Gender handshake (Religious Orthodoxy)
An Orthodox bishop does not shake hands with a woman. Ignoring him creates a diplomatic incident.
Meaning
Target direction : Respect religious traditions: some men/women don't shake hands.
Interpreted meaning : Insisting on shaking hands with a woman who refuses for religious reasons.
Geography of misunderstanding
Neutral
- russia
- ukraine
- georgia
- serbia
- orthodox-cultures
1. The gesture and its expected meaning
In traditional Orthodox Christianity (Russia, Balkans, Greece), certain religious contexts and conservative communities maintain a practice where an unmarried/unrelated man and woman do not shake hands directly. This practice is rooted in a post-Byzantine theology of ritual purity and strict interpretations of the Body of Christ. The gesture of refusal or avoidance is called "respecting the boundaries of tsniout (modesty)". Bourdieu (1980) analyzes this gesture as a technique of the religious body maintaining a spiritual boundary. Hall (1966) notes that certain cultures maintain untouchable body zones according to rank/gender/spiritual status.
2. Where things go wrong: the geography of misunderstanding
Western women perceive the refusal of a man-woman handshake as discrimination, sexism or a personal insult. A female lawyer/minister/CEO extending her hand to an Orthodox man who refuses it creates a diplomatic incident interpreted as "religious extremism" or "women's rights violation". In urban Russia (Moscow), this gesture is very rare; in rural Russian areas or Orthodox Balkans (Serbia, Bulgaria), it persists among certain communities. Younger urban Orthodox generations are gradually abandoning it. In multinational contexts (EU diplomacy), the incident can be politically charged (interpreted as "Russian/Serbian masculinity"). Modern Orthodox women deplore the fact that the gesture perpetuates an archaic image.
3. Historical background
The refusal of inter-genre contact is rooted in Byzantine Orthodox theology (Denys the Areopagite, Life of Christ) where the Body of Christ is separated from the "profane" body. The post-Christian Russian Orthodox tradition has maintained stricter boundaries of purity than Catholicism/Protestantism. Mauss (1934) identifies this practice as a religious "technique of the body" specific to conservative Orthodox cultures. Post-communism (1990-2000), the Orthodox Church regained influence in Russia/Balkans, reactivating certain traditional practices. Lewis (1996) establishes that Orthodox cultures maintain distinct contact boundaries according to spiritual vs. secular spheres.
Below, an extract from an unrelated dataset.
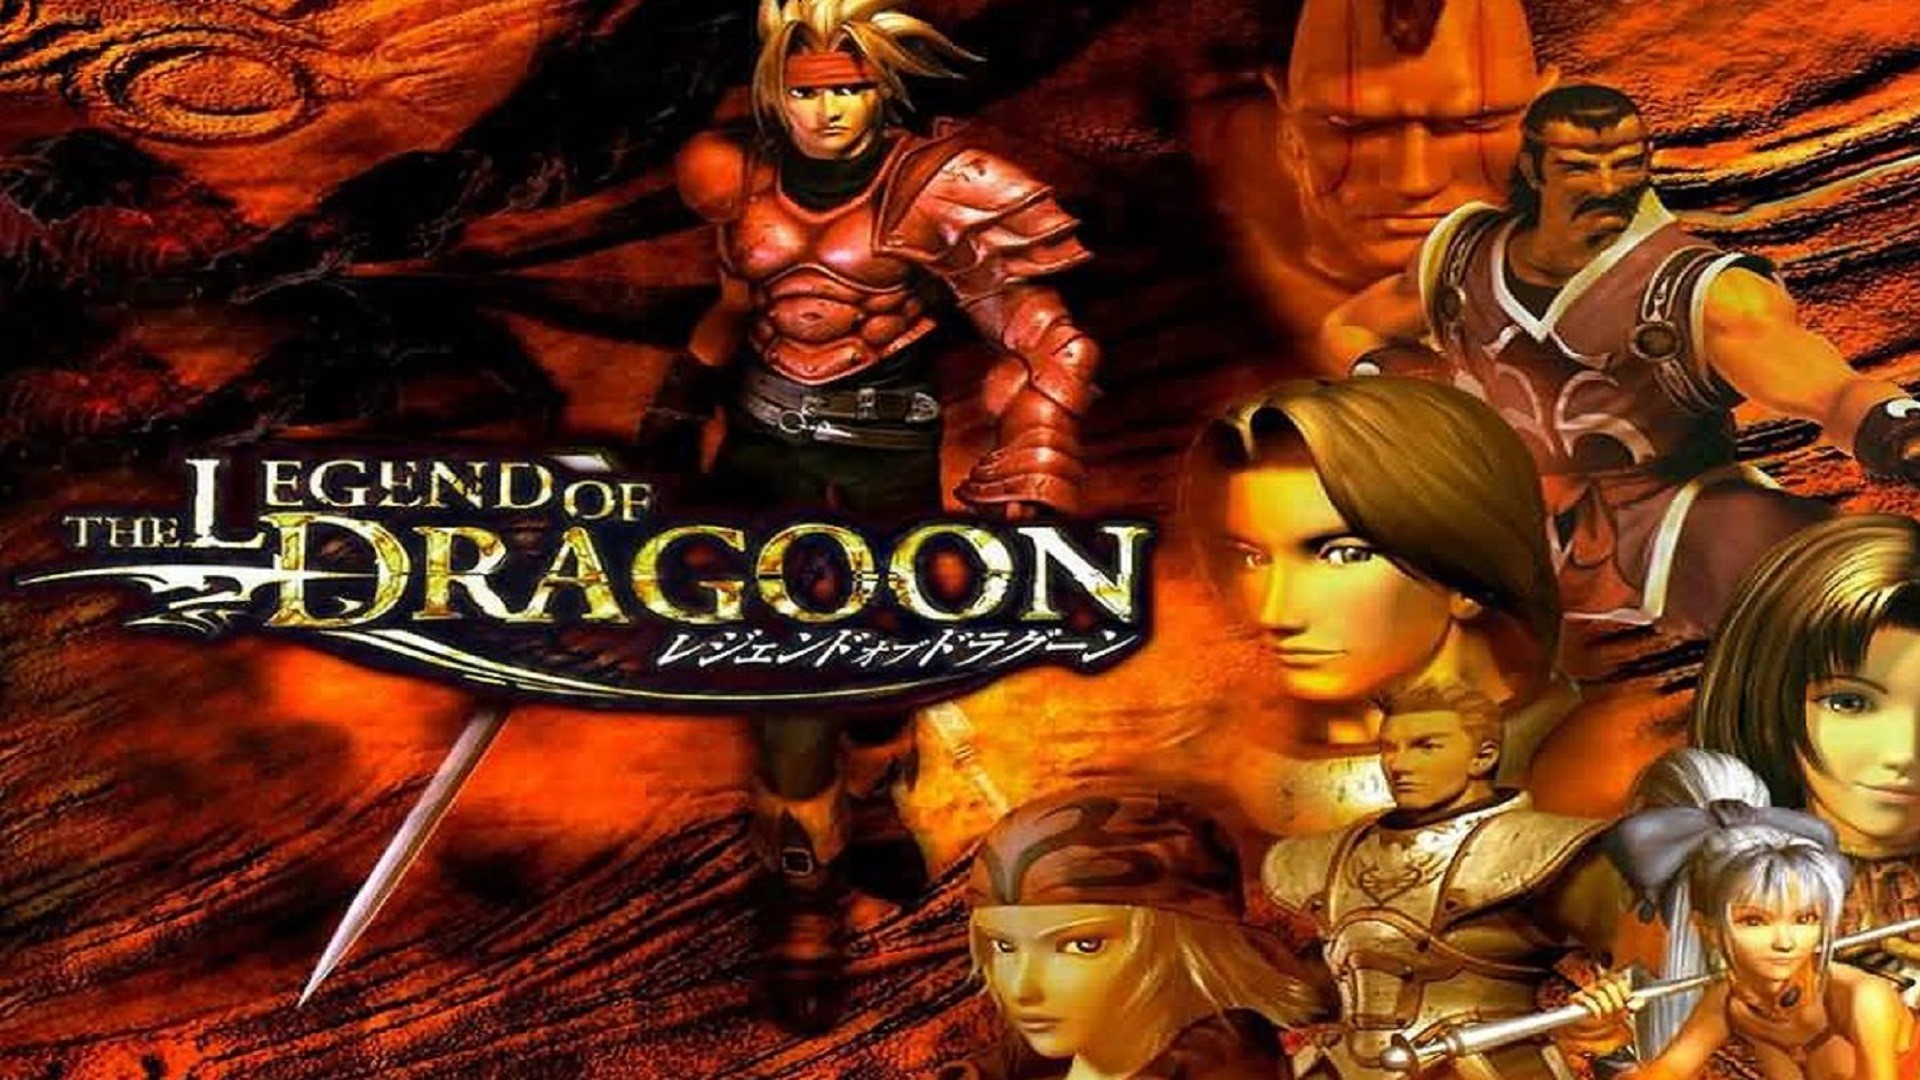 the-legend-of-dragoon-needs-to-make-a-comeback

4. famous documented incidents
In 1999, a female Austrian minister reaching out to an Orthodox patriarch during an official visit to Belgrade was refused; incident covered by European media as "religious intolerance" (Economist 1999). In 2015, a female Swiss NGO executive wanted to shake hands with an Orthodox priest at a conference in Sofia; polite but firm refusal. No major incidents of violence, but persistent diplomatic unease.
5. Practical recommendations
If an Orthodox man refuses your handshake, don't take it as a personal insult; it's a religious boundary, not sexism (an important distinction). Ask discreetly: "Is there a greeting protocol you prefer?" Respectful alternatives: slight head bow, hand over heart placement, or simple "Hello". Never force a handshake. Women can say "I respect your religious practice" without understanding oppression. In multinational business contexts, clarify greeting expectations in advance (email before meeting). Acknowledging that refusal is not a personal rejection, but a spiritual limitation, enables respectful collaboration despite differences.
Sources
- Lewis, R.D. (1996). When Cultures Collide. Nicholas Brealey. pp. 234-267.
- Mauss, M. (1934). Les techniques du corps. Journal de Psychologie.
- Bourdieu, P. (1980). Le sens pratique. Minuit.
- Hall, E.T. (1966). The Hidden Dimension. Doubleday. pp. 130-155.
- The Economist (1999). 'Orthodox Protocol and European Diplomacy'. Archives Economist.